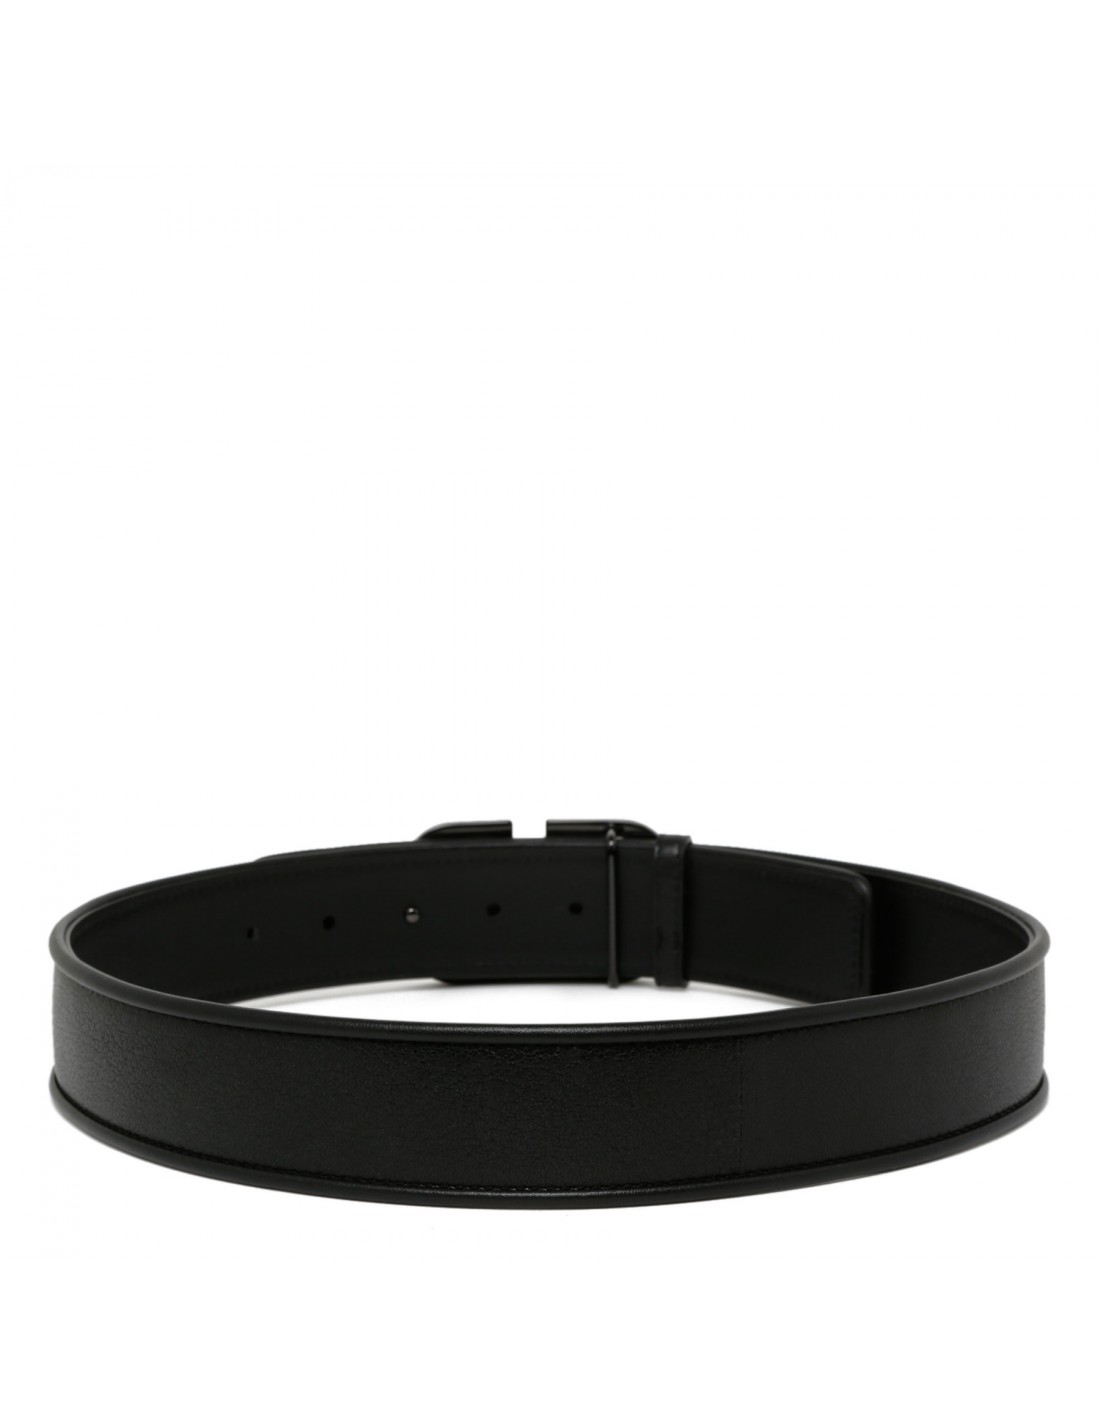 VLogo black leather belt
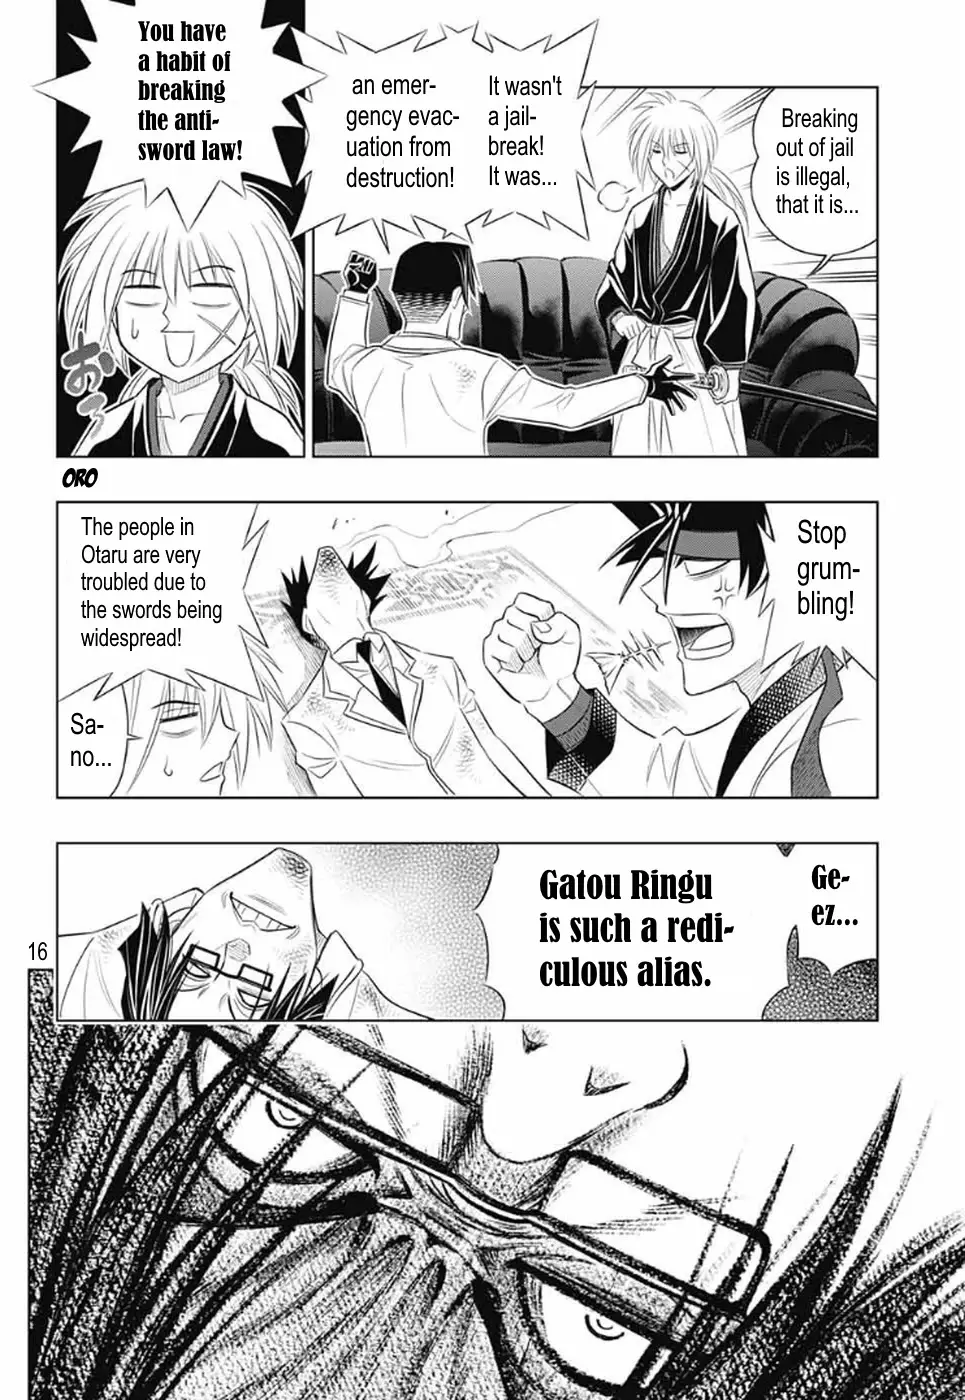 Rurouni Kenshin: Hokkaido Arc - 25 page 16
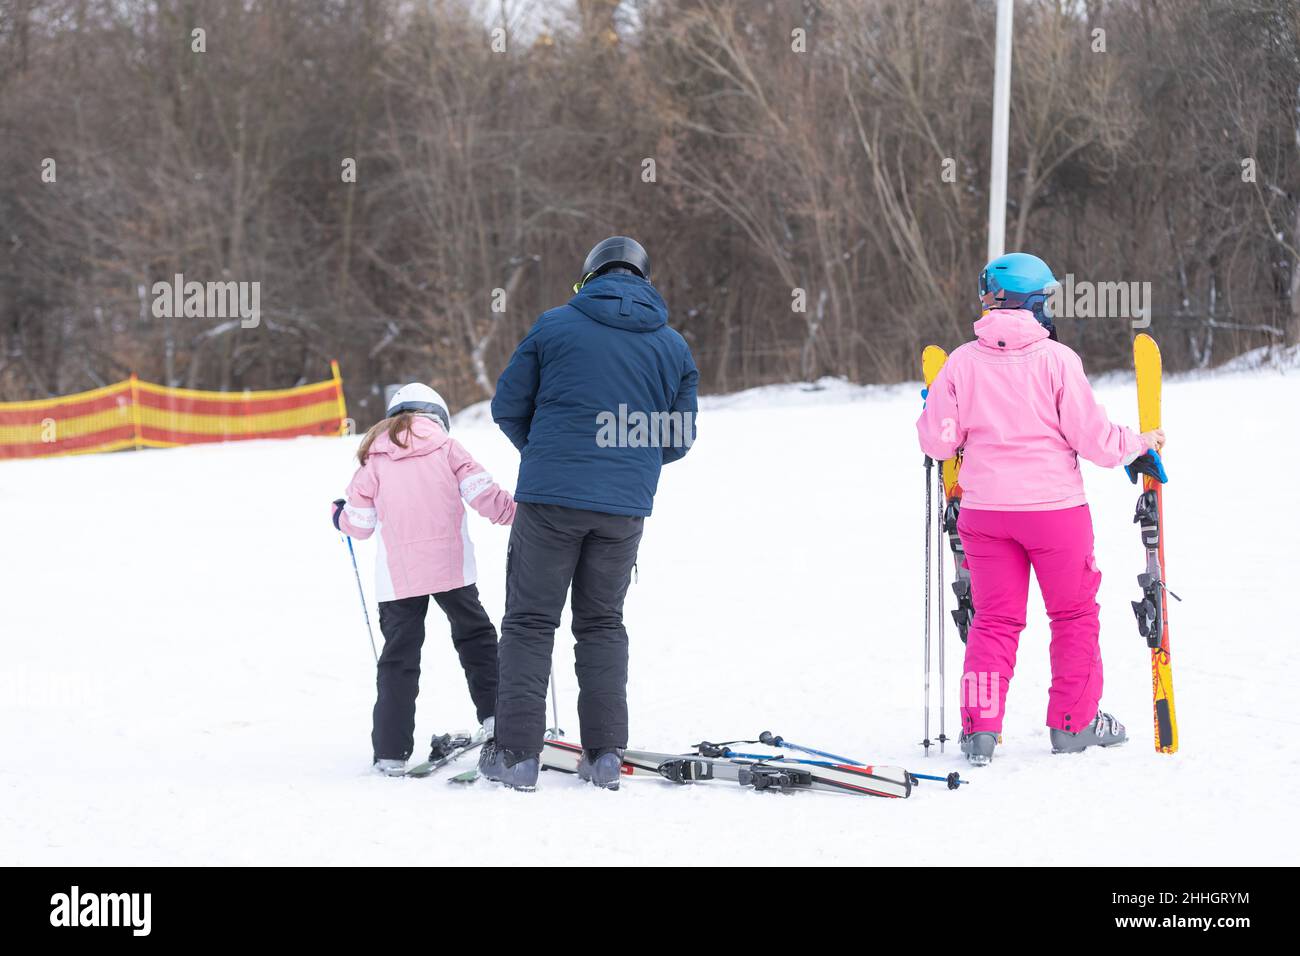 Skiing, winter, ski lesson - family skiing. Stock Photo
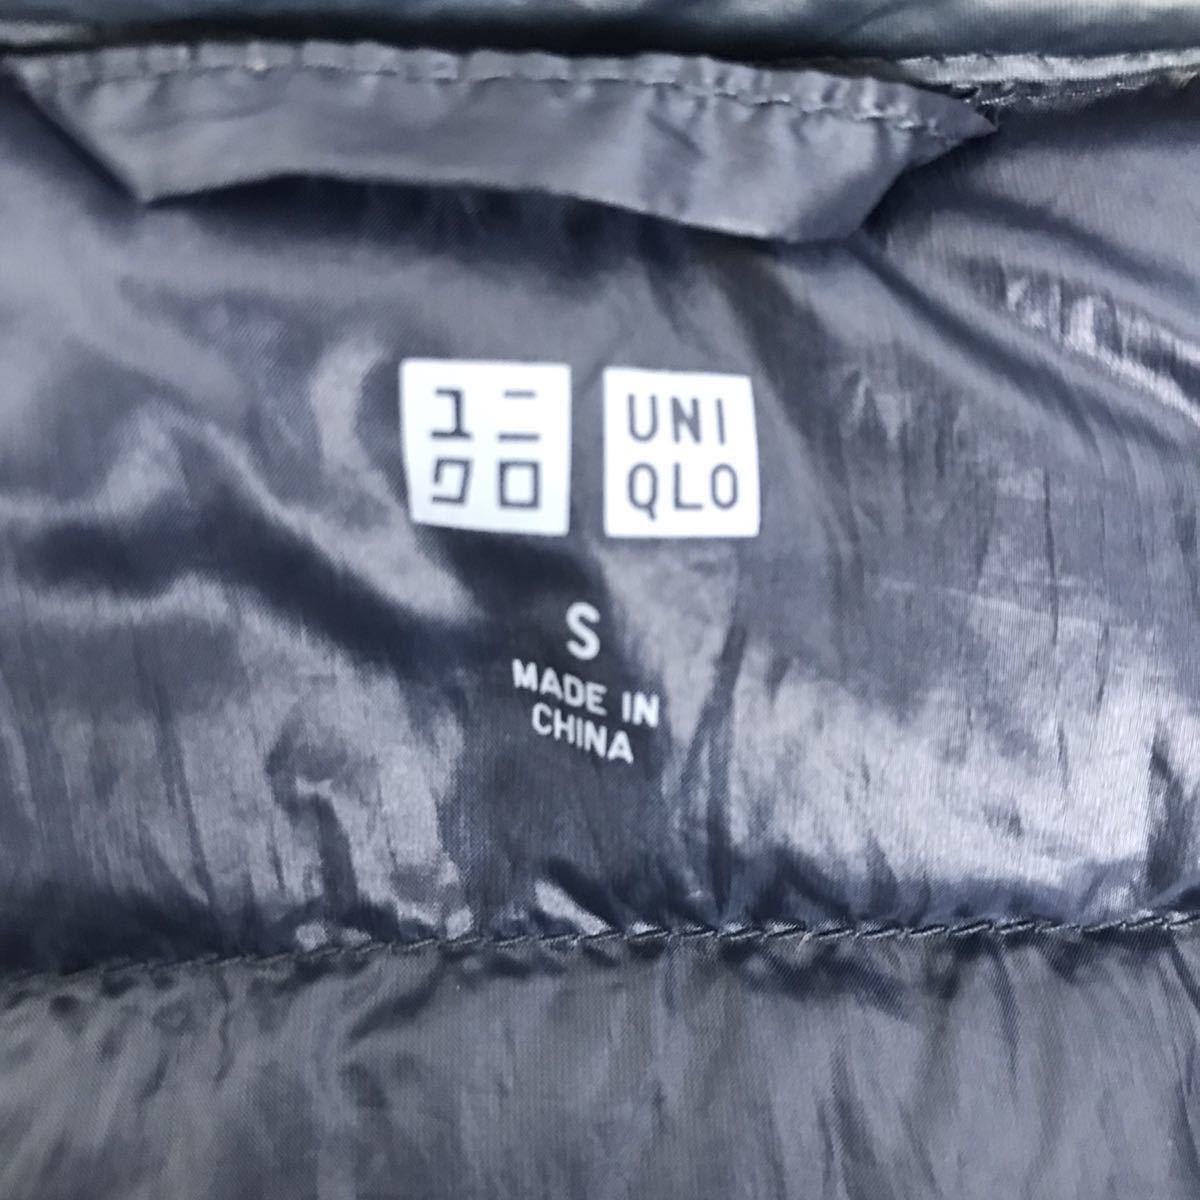 UNIQLO ユニクロ ウルトラライト ダウン パーカー 紺 ネイビー Sサイズ レディース ジャケット トラベル アウトドア ウェア 防寒
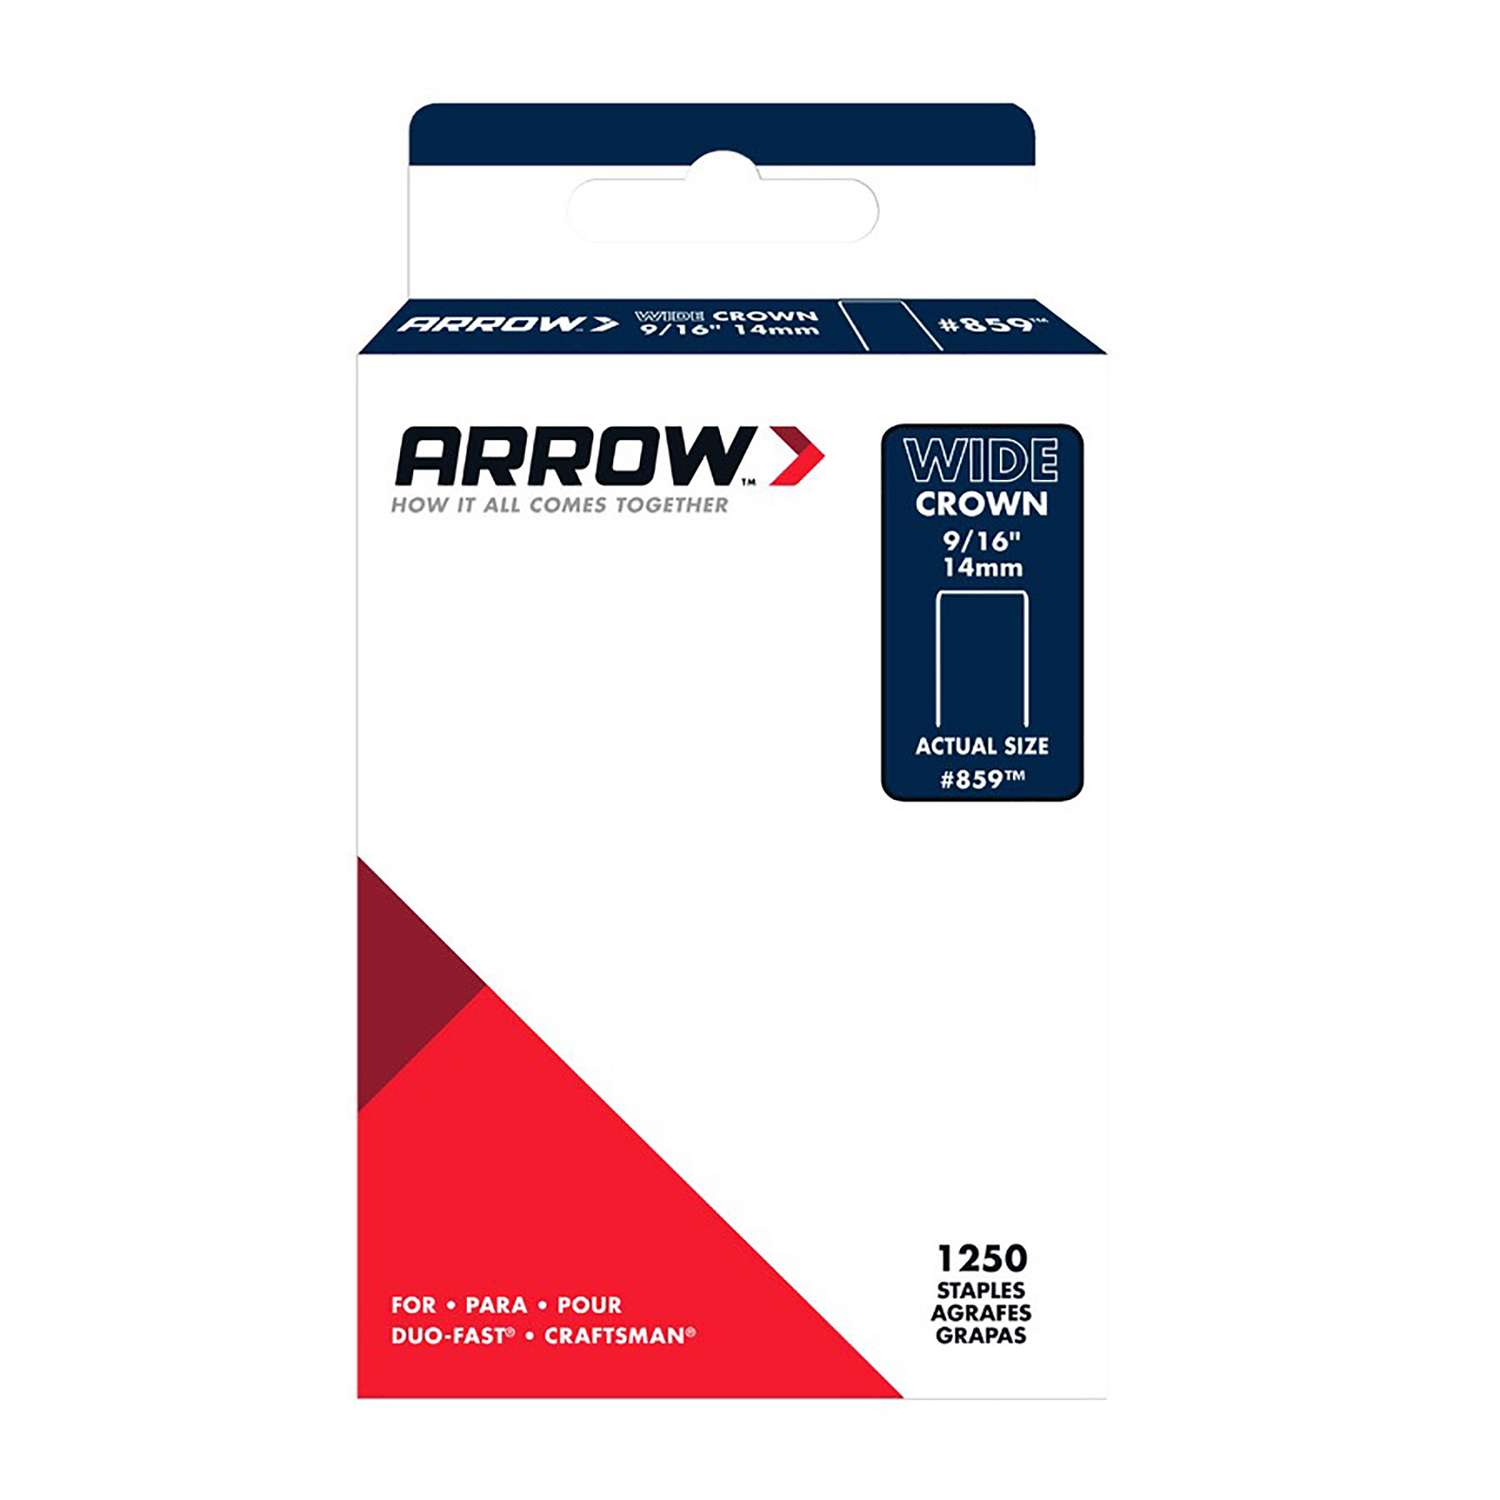 5000 PACK Arrow Fastener 856 Duo-Fast Wide Crown 5000 Series 3/8" Staples HR
───
** AIM OF THE EXERCISE **
Could you reproduce the listing above word for word while leaving out its pictures?

** SOLUTION **
 VLogo black leather belt
 Rurouni Kenshin: Hokkaido Arc - 25 page 16
 Skiing, winter, ski lesson - family skiing. Stock Photo
 UNIQLO ユニクロ ウルトラライト ダウン パーカー 紺 ネイビー Sサイズ レディース ジャケット トラベル アウトドア ウェア 防寒
 5000 PACK Arrow Fastener 856 Duo-Fast Wide Crown 5000 Series 3/8" Staples HR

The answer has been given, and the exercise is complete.